Oceans might take 1,000 years to recover from climate change

Earth’s recovery from the last glacial period was more brutal than previously thought. Researchers deciphered that plotline from a 30-foot core of sea sediments drilled from the Santa Barbara Basin containing more than 5,000 fossils spanning nearly 13,000 years. 
 
"The recovery does not happen on a century scale; it’s a commitment to a millennial-scale recovery," said Sarah Moffitt, a marine ecologist at UC Davis’ Bodega Marine Laboratory and lead author of the study. "If we see dramatic oxygen loss in the deep sea in my lifetime, we will not see a recovery of that for many hundreds of years, if not thousands or more."
 
Studies already have chronicled declines in dissolved oxygen in some areas of Earth’s oceans.

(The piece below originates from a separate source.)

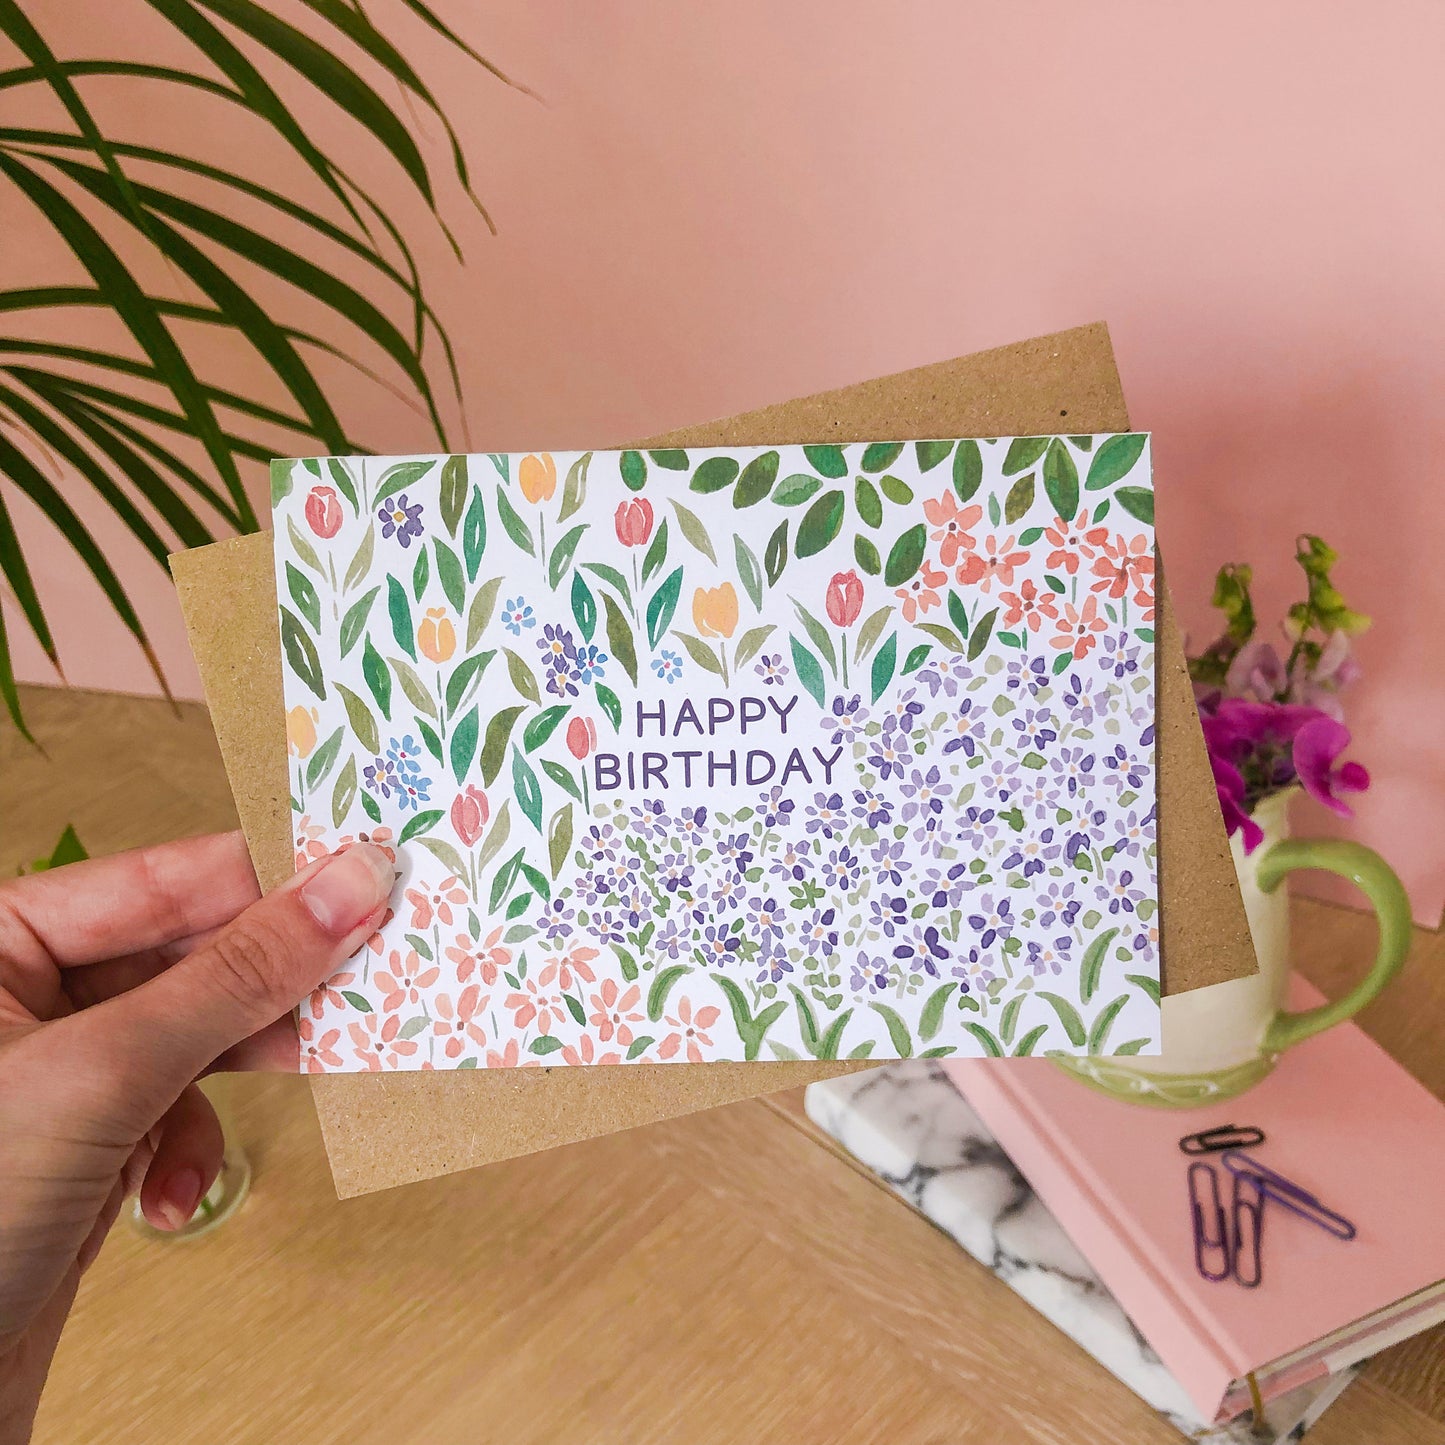 Happy Birthday Spring Flowers Card
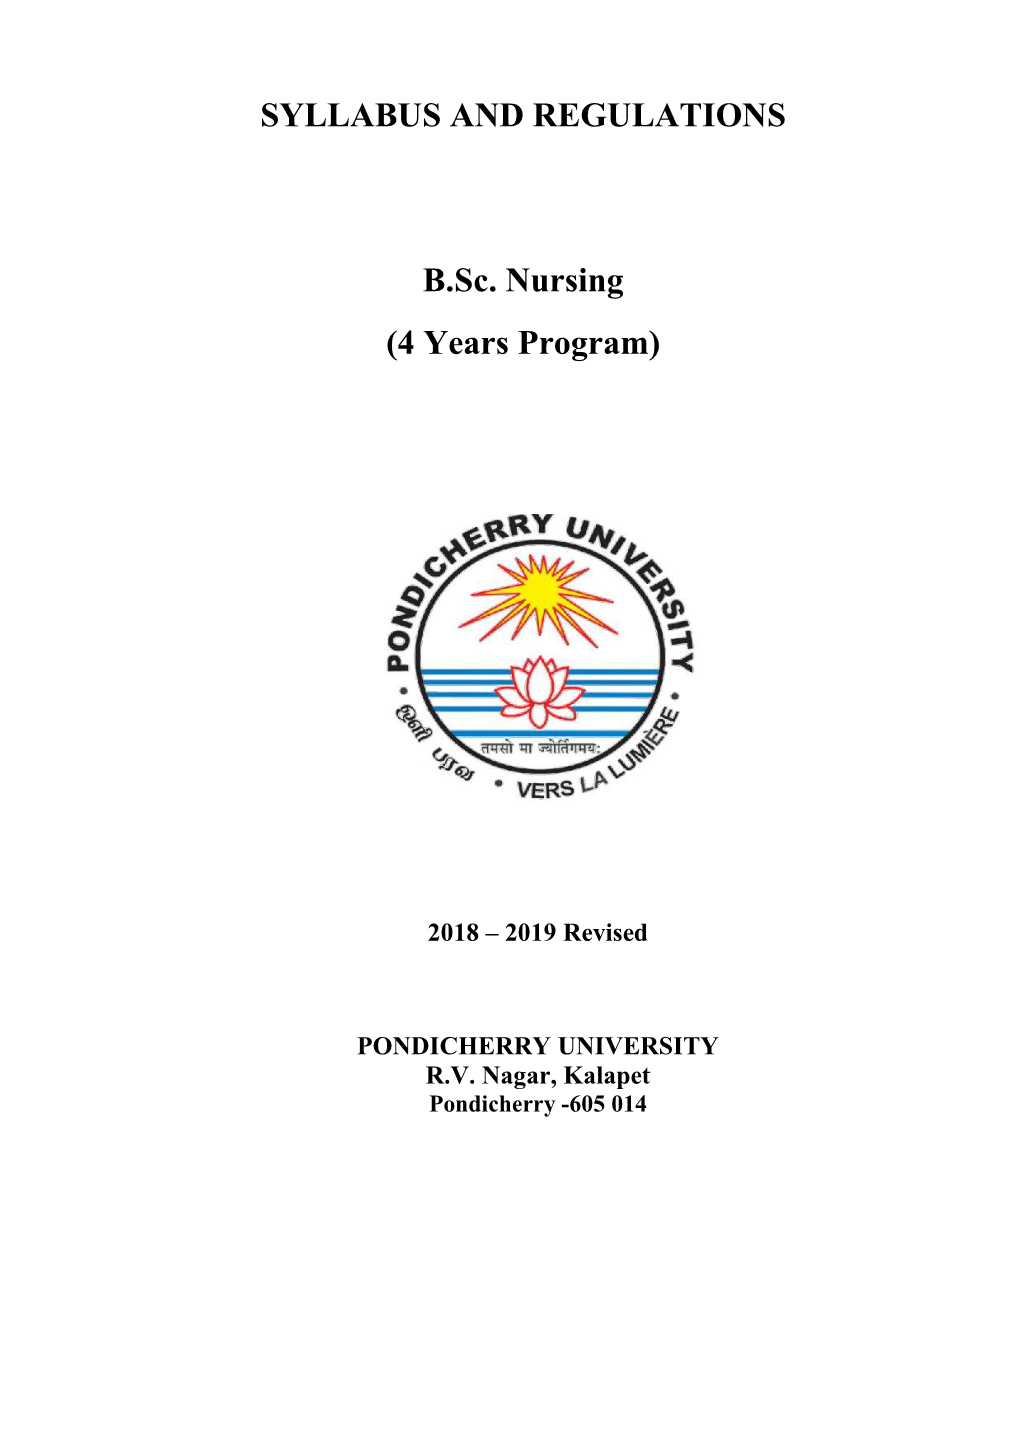 SYLLABUS and REGULATIONS B.Sc. Nursing (4 Years Program)

Such hypoxic conditions can expand when ocean temperatures rise and cycles that carry oxygen to deeper areas are interrupted.
 
As North American glaciers retreated during a warming period 14,700 years ago, an oxygen-sensitive community of  seafloor invertebrates that included sea stars, urchins, clams and snails nearly vanished from the fossil record within about 130 years, the researchers found.
 
We found incredible sensitivity across all of these taxonomic groups, across organisms that you would recognize, that you could hold in your hand, organisms that build and create ecosystems that are really fundamental to the way ecosystems function," Moffitt said. "They were just dramatically wiped out by the abrupt loss of oxygen.”
 
That highly diverse community soon was replaced with a relatively narrow suite of bizarre and extreme organisms similar to those found near deep-ocean vents and methane seeps in modern oceans, Moffitt said. Evidence of that transition was confined to such a narrow band of sediments that the turnover could have been "nearly instantaneous," the study concluded.